■ **Work order**: From the records below, print only the part that opens with the line containing "Whirlpool awe 2221 ремонт своими руками 15" and closes with the line containing "江桥万达对面甲级写字楼华泰中心整层出售,看房随时。"; omit the pictures.

■ **Materials provided**:
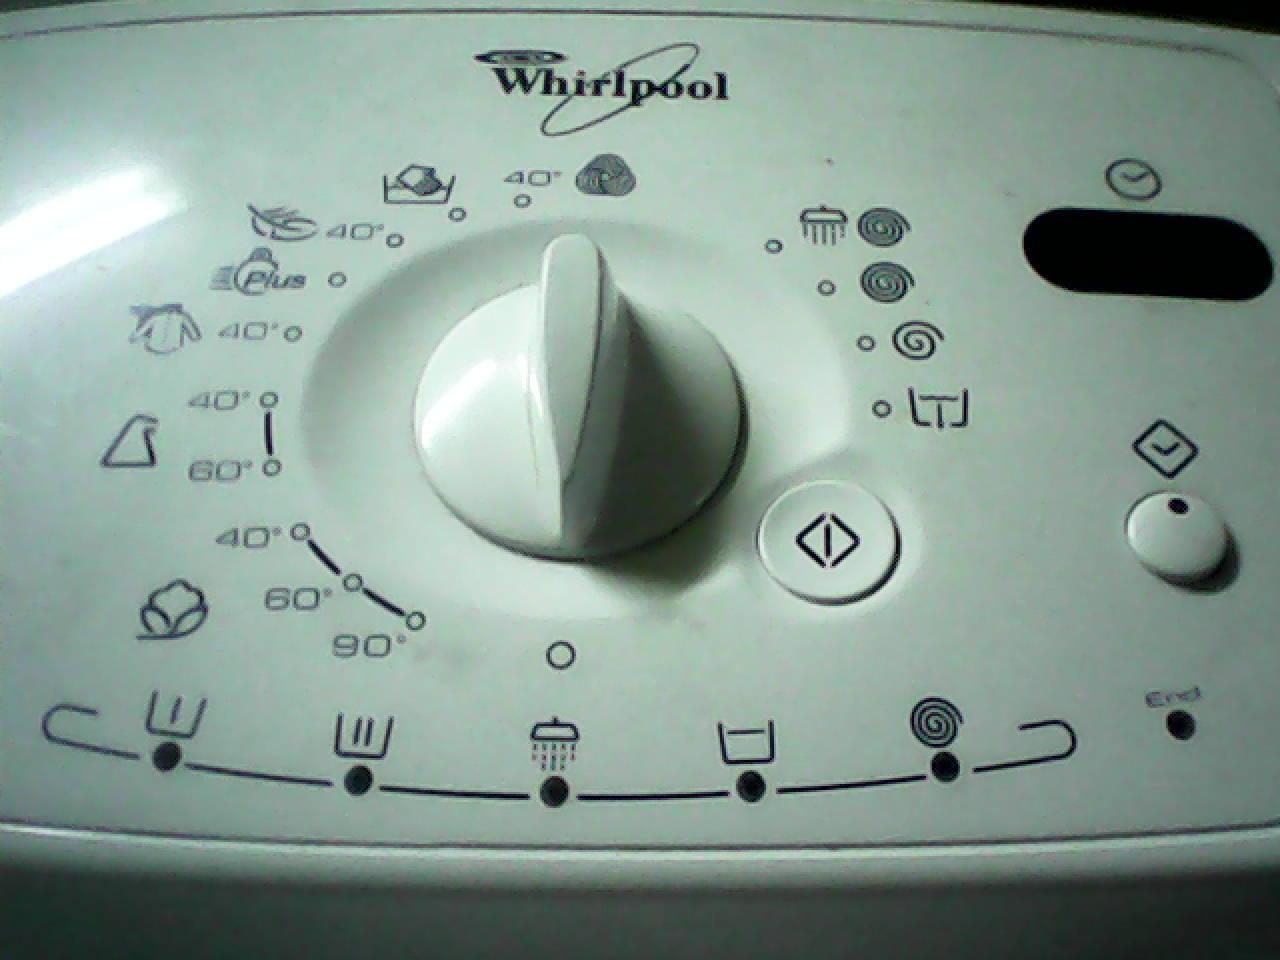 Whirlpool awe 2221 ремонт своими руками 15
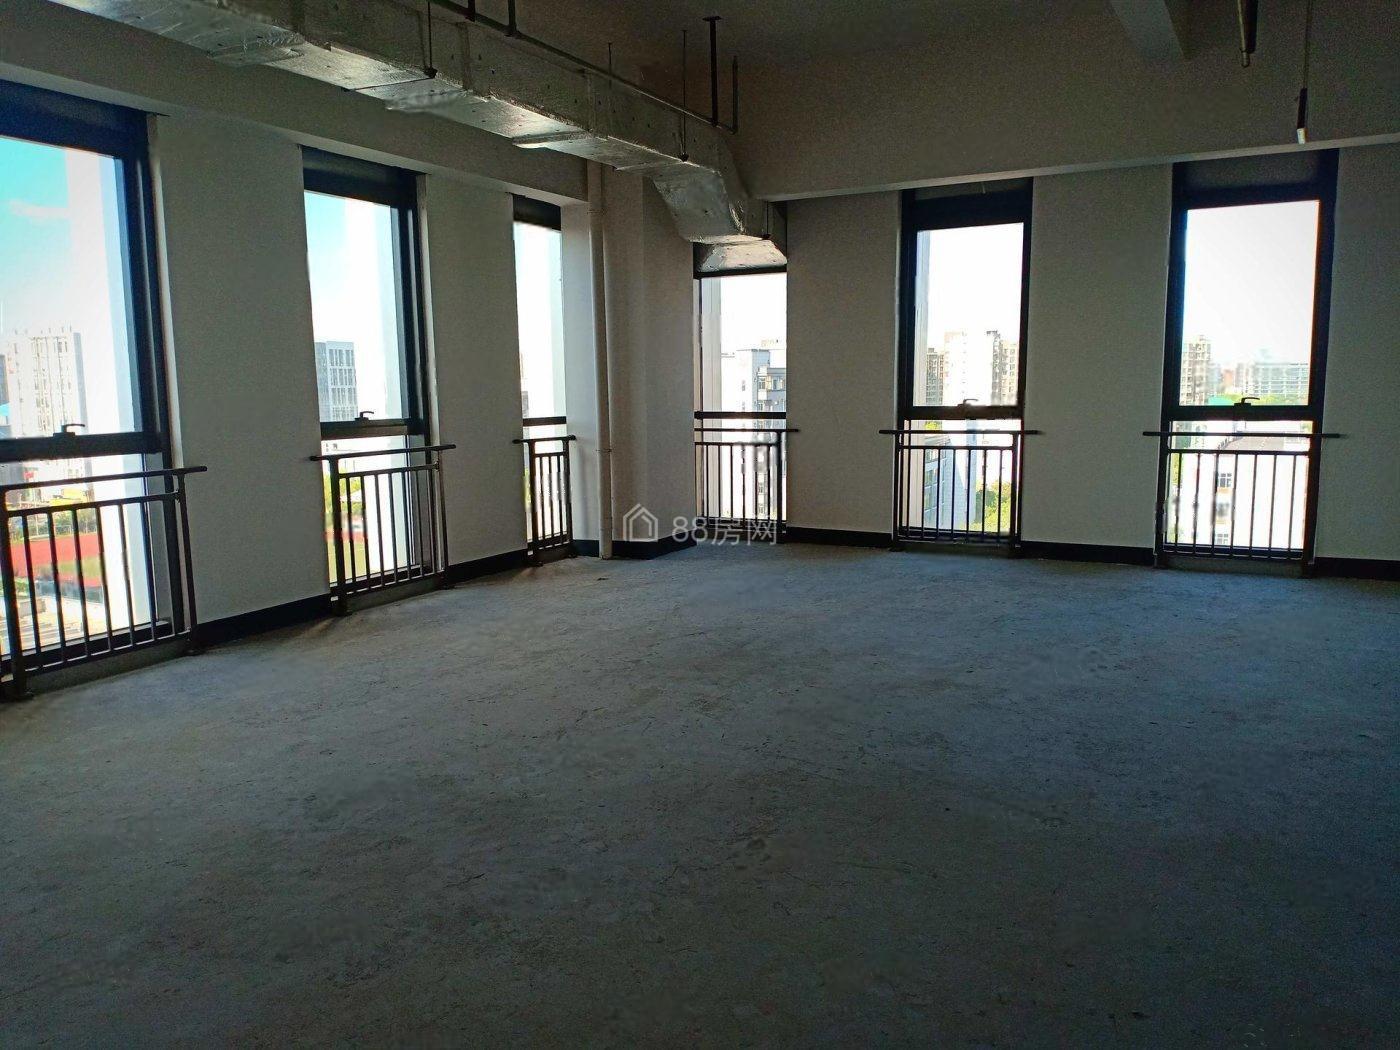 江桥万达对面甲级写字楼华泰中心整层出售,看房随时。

...

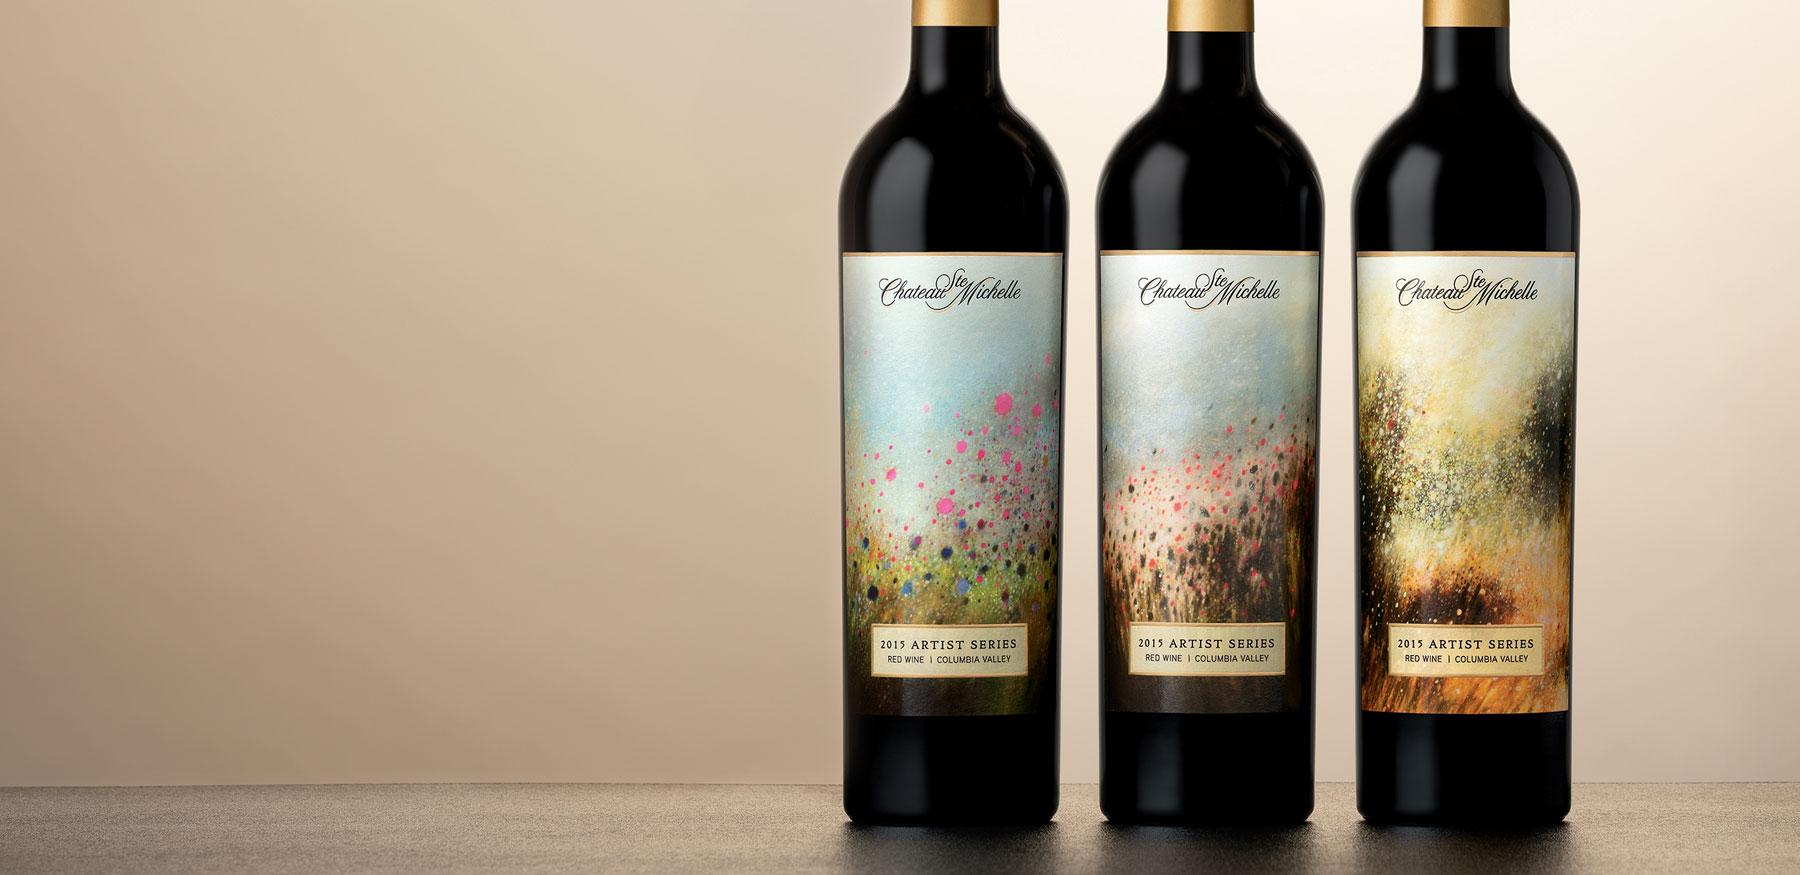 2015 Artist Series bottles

...

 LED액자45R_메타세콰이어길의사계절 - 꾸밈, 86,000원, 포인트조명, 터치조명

■ **Response to this exercise**:
 Whirlpool awe 2221 ремонт своими руками 15
 江桥万达对面甲级写字楼华泰中心整层出售,看房随时。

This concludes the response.